Introduction

Foams are used in several subsurface applications ranging from aquifer remediation1 to maximizing oil extraction from hydrocarbon fields2. The purpose is either to block the high-permeability layers with foam and divert the fluids into the low-permeability layers or to create a viscous pressure gradient to oppose gravity override.

Foam exhibits two flow regimes depending on the gas fractional flow (i.e., foam quality) in porous media3. In the high-quality regime, the pressure gradient along the core is nearly independent of gas superficial velocity, while in the low-quality regime, the pressure gradient is nearly independent of liquid superficial velocity. For a constant total superficial velocity, the high-quality regime is the range of foam quality where the pressure gradient decreases with an increasing foam quality, whereas in the low-quality regime the pressure gradient increases with the increasing foam quality.
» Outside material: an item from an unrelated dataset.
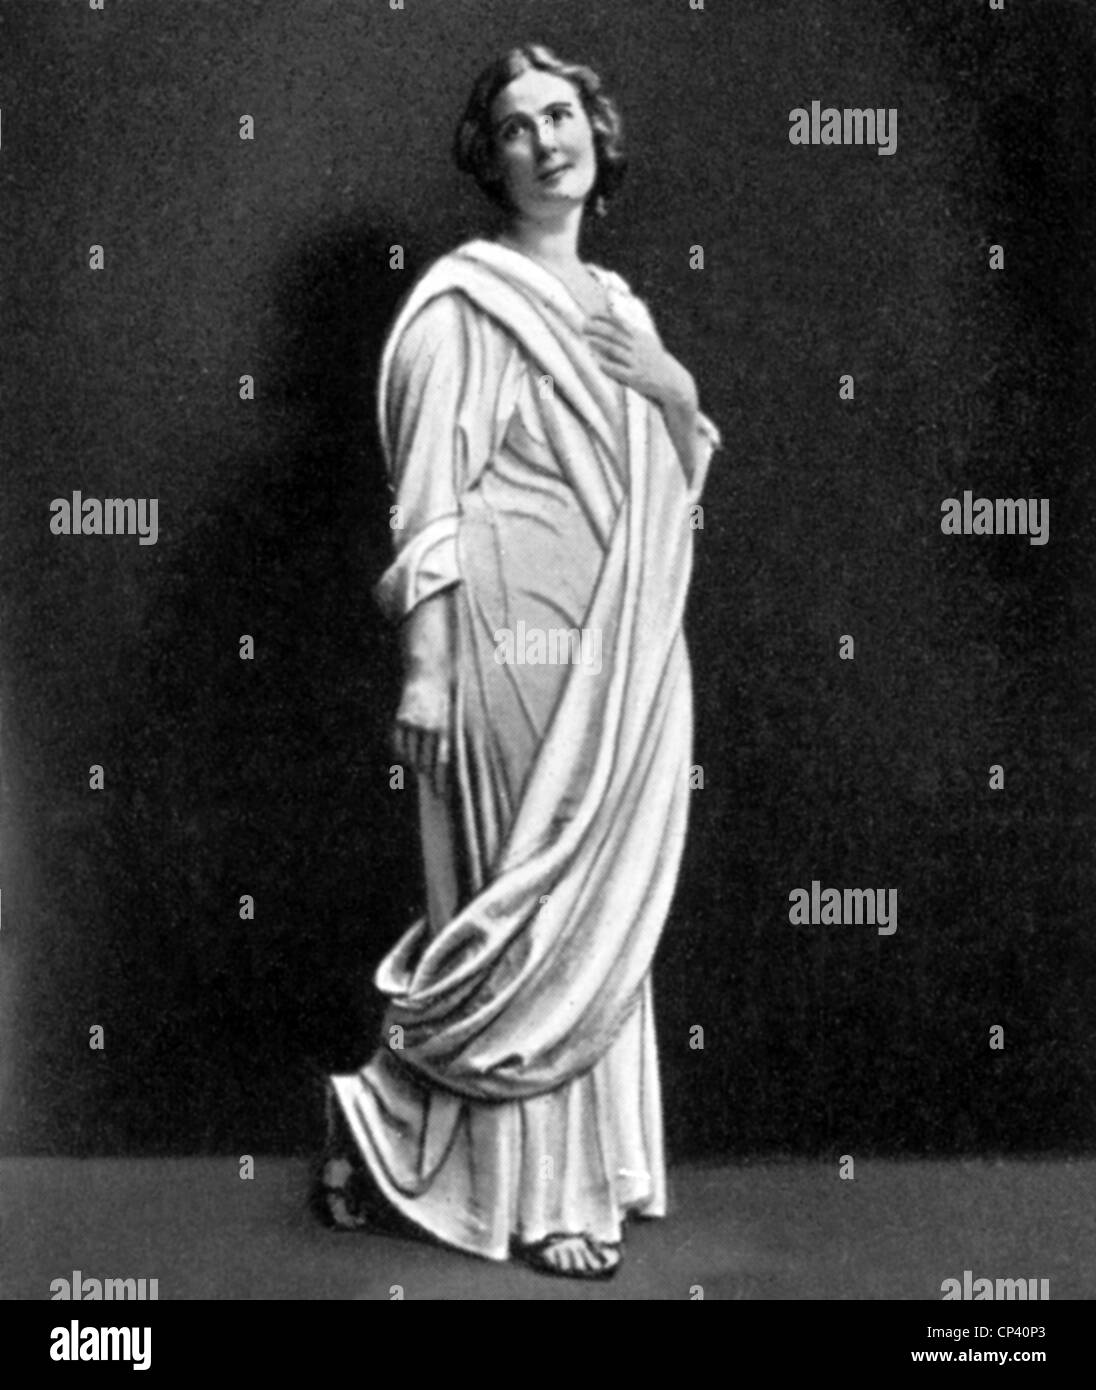 Duncan, Isadora, 26.5.1877 - 14.9.1927, danseuse et chorégraphe américaine, pleine longueur, carte à cigarettes, vers 1910, costume grec, ancien, XXe siècle, Banque D'Images

Most foam models currently in use are built on the concept of the limiting capillary pressure (Pc*), above which foam becomes unstable4,5. A basic assumption of these models is that foam in porous media only affects the gas mobility (quotient of the gas relative permeability by its viscosity) and the liquid mobility remains unchanged. This of course simplifies the models and reduces the number of the input parameters based on the experimental observations6,7,8,9,10. Bernard et al.10 were the first to conclude that for a given water saturation presence of foam does not affect liquid relative permeability. Figure 2 in ref. 10 compares the water relative permeability in presence and absence of the foaming agent in a 3.5-Darcy sandpack. At 0.01 wt% and 1.0 wt% surfactant concentrations, the water relative permeability deviates from the rest of the data points. The difference becomes even more pronounced when the data points are plotted on a logarithmic scale. At the lower concentration of 0.01 wt%; however, the presence of foam does not change the water relative permeability. Similar conclusions have been reported by other researchers, although a detailed analysis of the results may lead to a different outcome11,12,13,14.

Some studies do suggest the change of water relative permeability during foam flow in porous media; although the exact relation is not clear. De Vries and Wit15 predicted that the water relative permeability at high-quality regime does not monotonically increase with water saturation. In the experiments of Aarra et al.16, the water relative permeability after foam injection for both N2 and CO2 foams experienced a significant reduction with an implication that foam can be used to divert liquid among layers. Rossen and Boeije17 closely examined the data presented by Persoff et al.18 and Ma et al.19 and concluded that the data are not consistent with the approximation that liquid relative permeability is not affected by foam properties. They emphasized that accurate measurements of liquid saturation and relative permeability are key to upscale the steady-state foam data to a surfactant-alternating-gas (SAG) flood.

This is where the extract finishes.